» **What you will do**
The data below should be printed in full, exactly, and without any of its images.

» **Collected data**
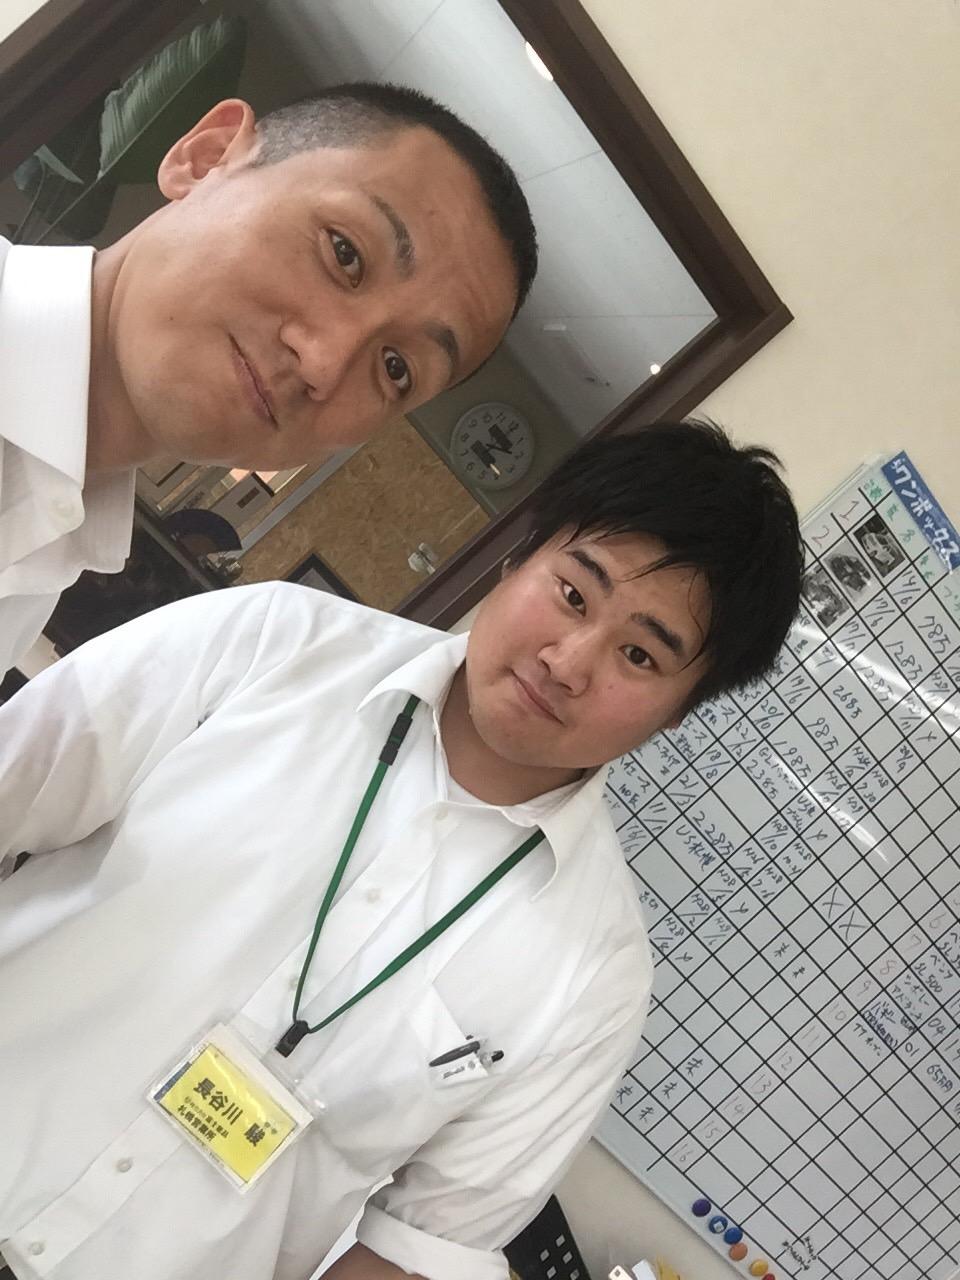 7月 7日 (木) ken ブログ ランクル ハマー アルファード_b0127002_22162130.jpg
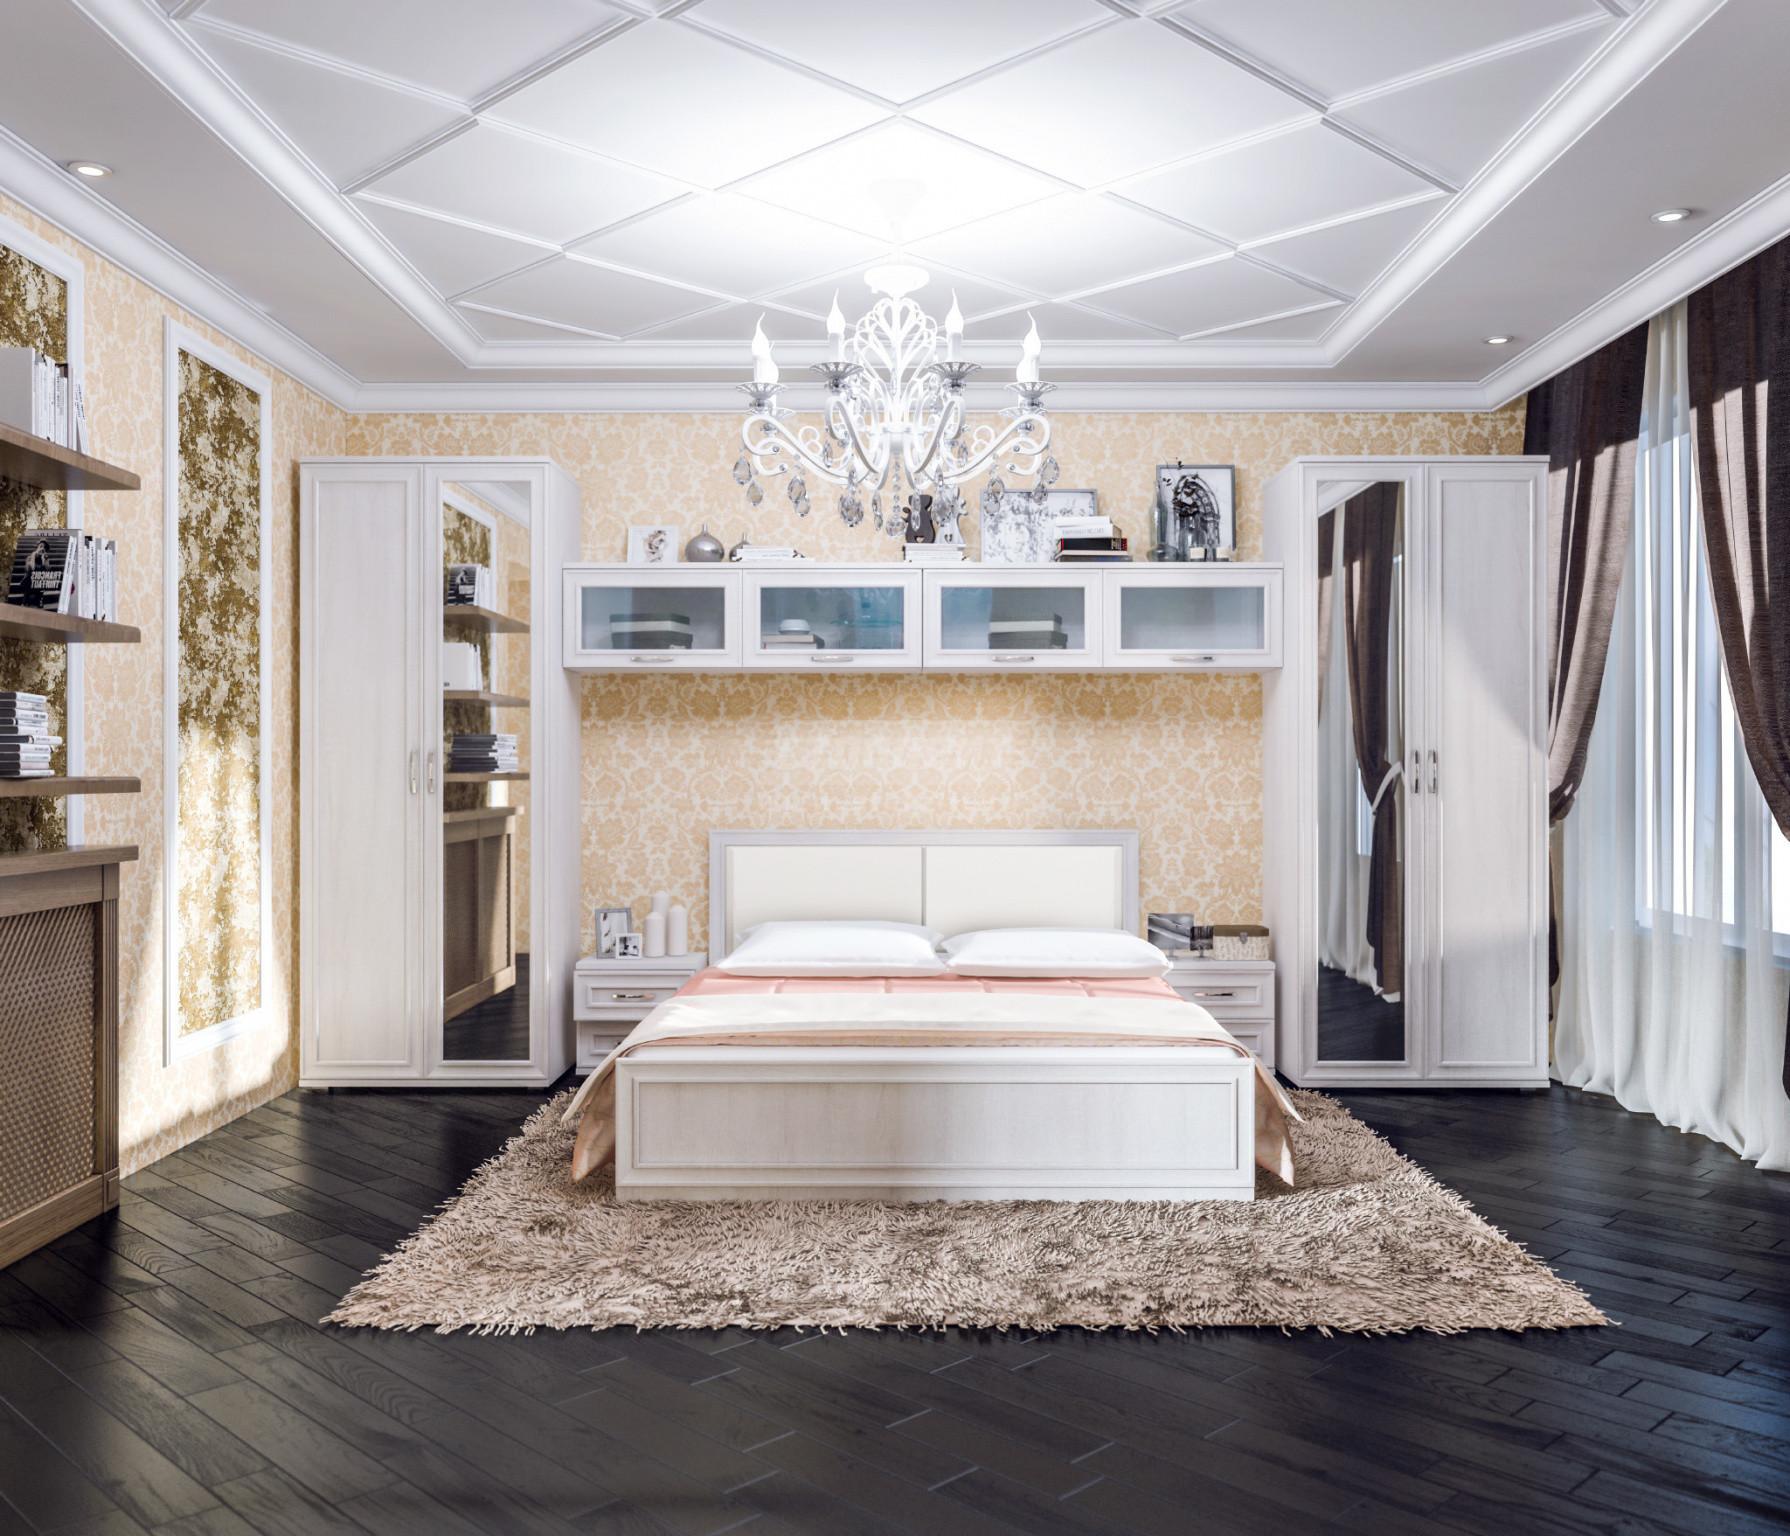 Спальня Столплит Флоренция 123-919-395-0363 дуб сонома белый
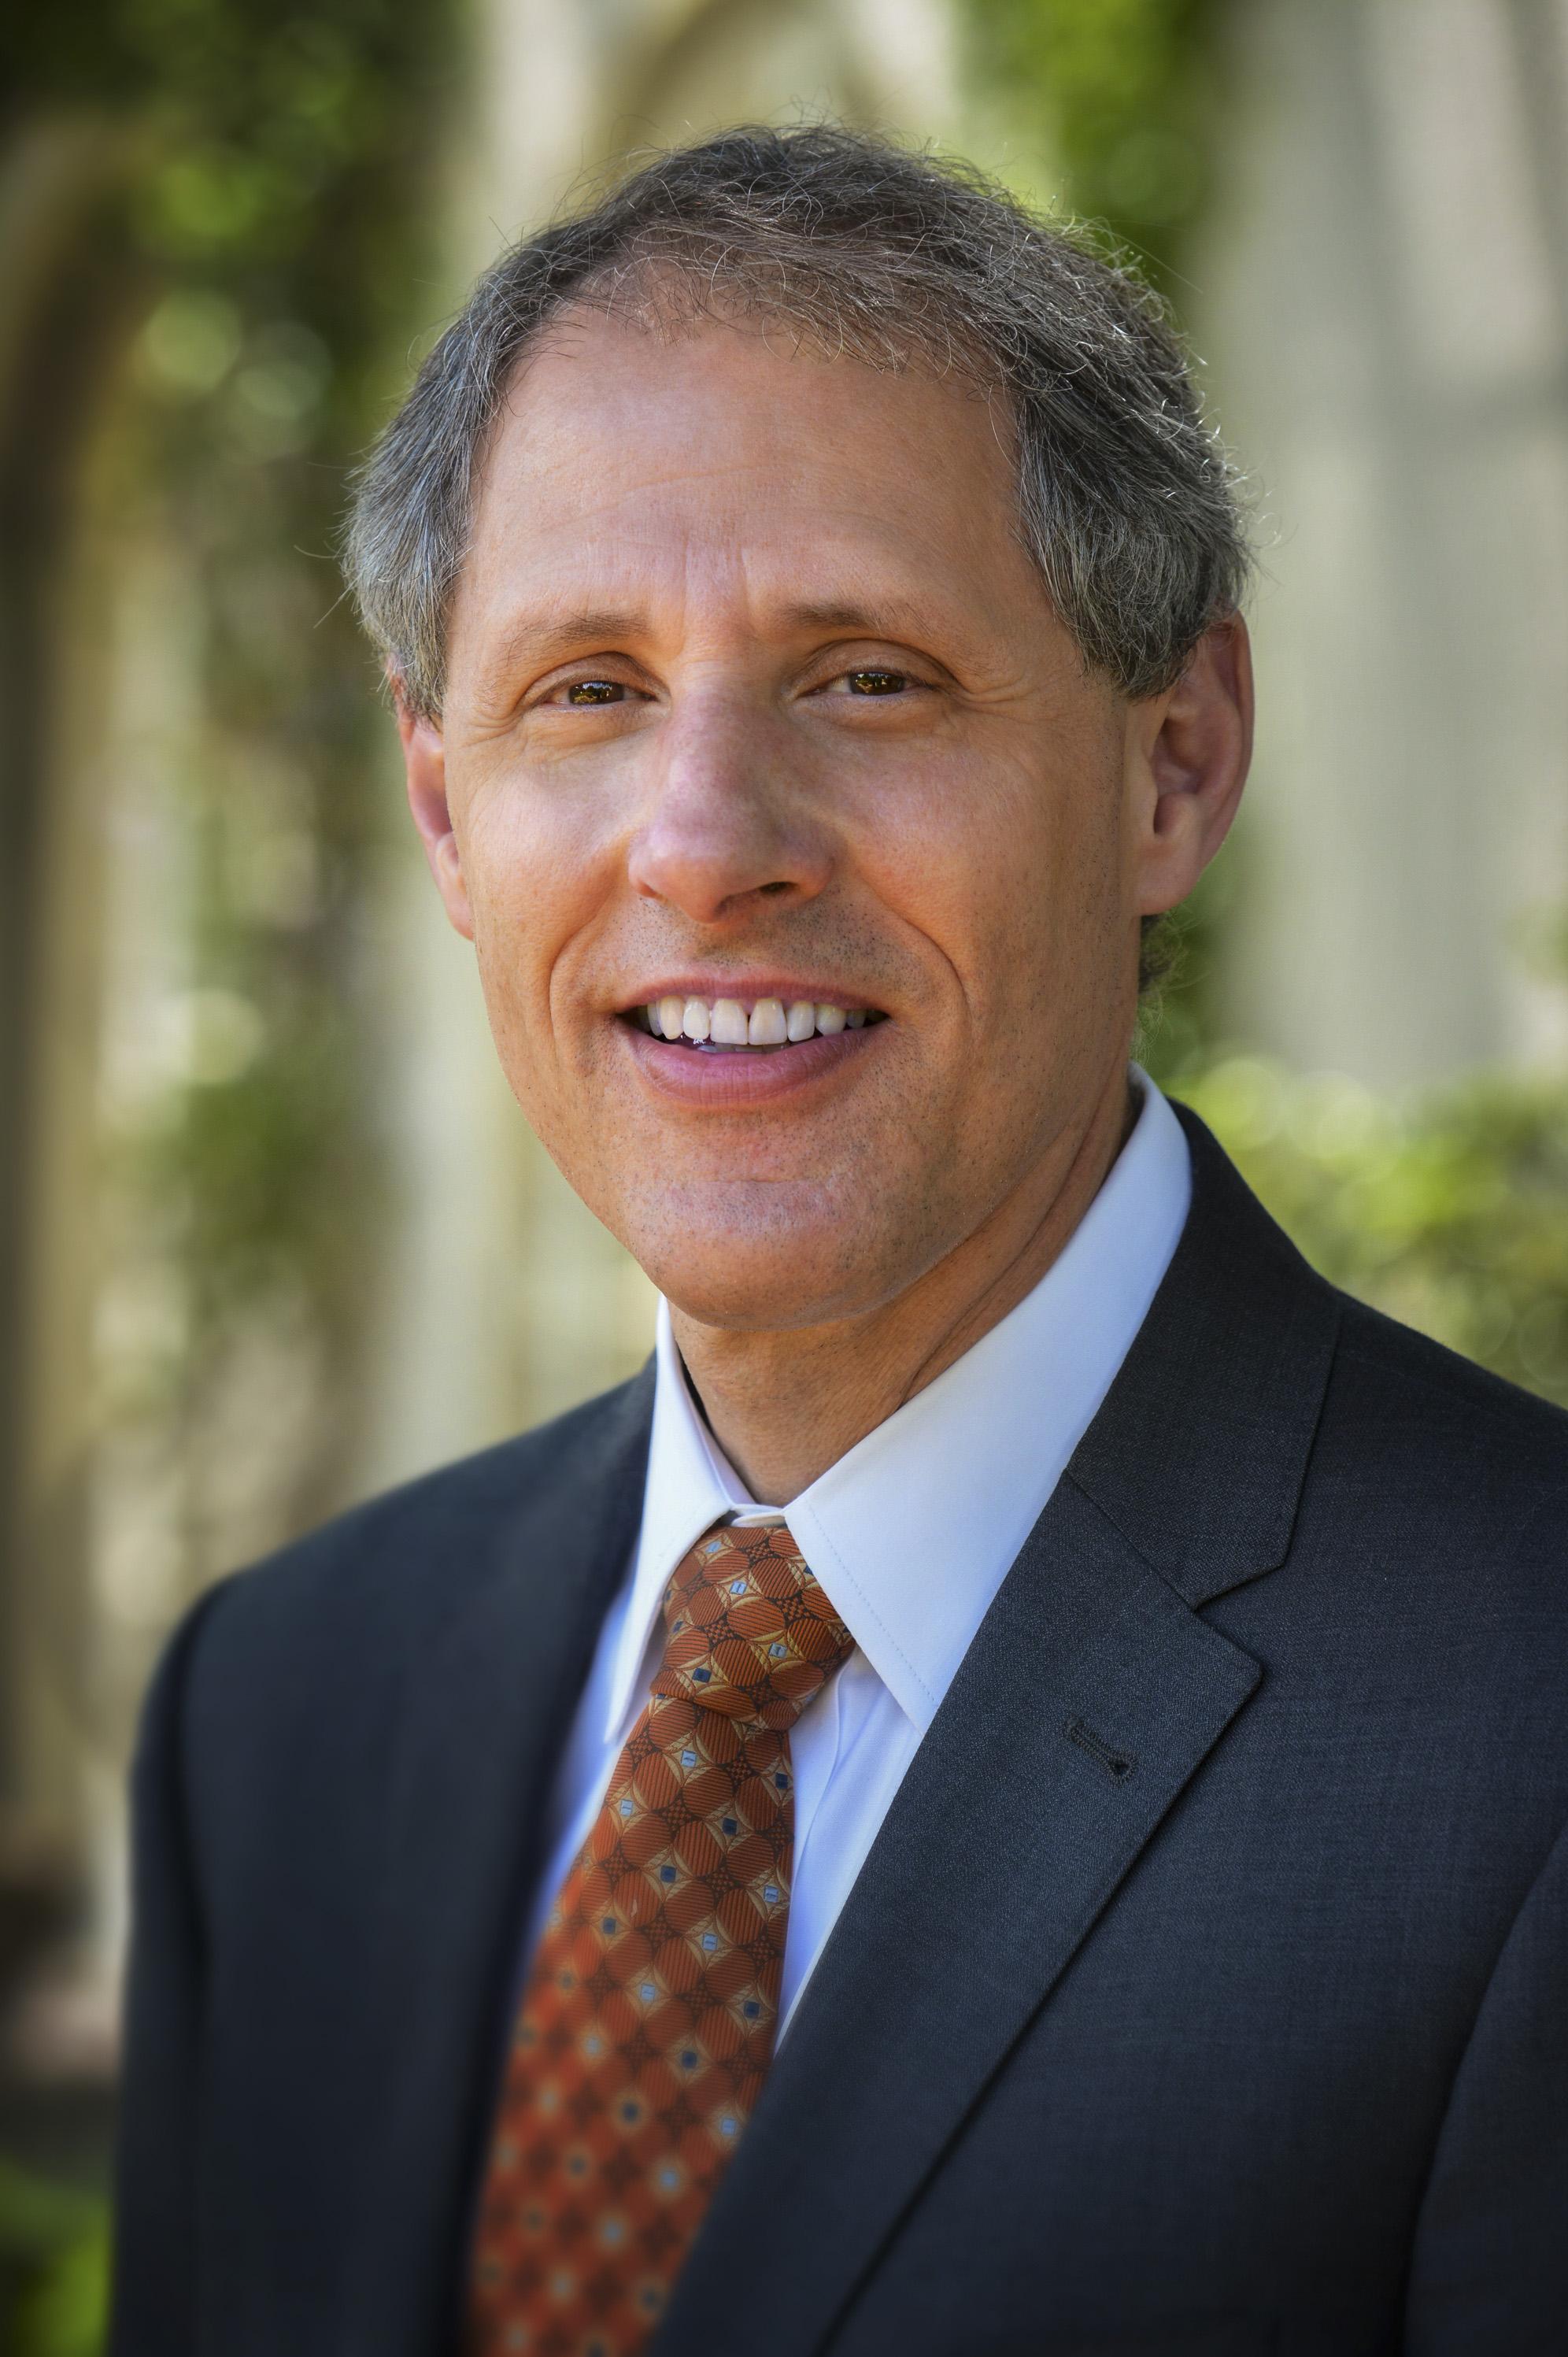 Dr. Thomas Rosenbaum

» **Task answer**
 7月 7日 (木) ken ブログ ランクル ハマー アルファード_b0127002_22162130.jpg
 Спальня Столплит Флоренция 123-919-395-0363 дуб сонома белый
 Dr. Thomas Rosenbaum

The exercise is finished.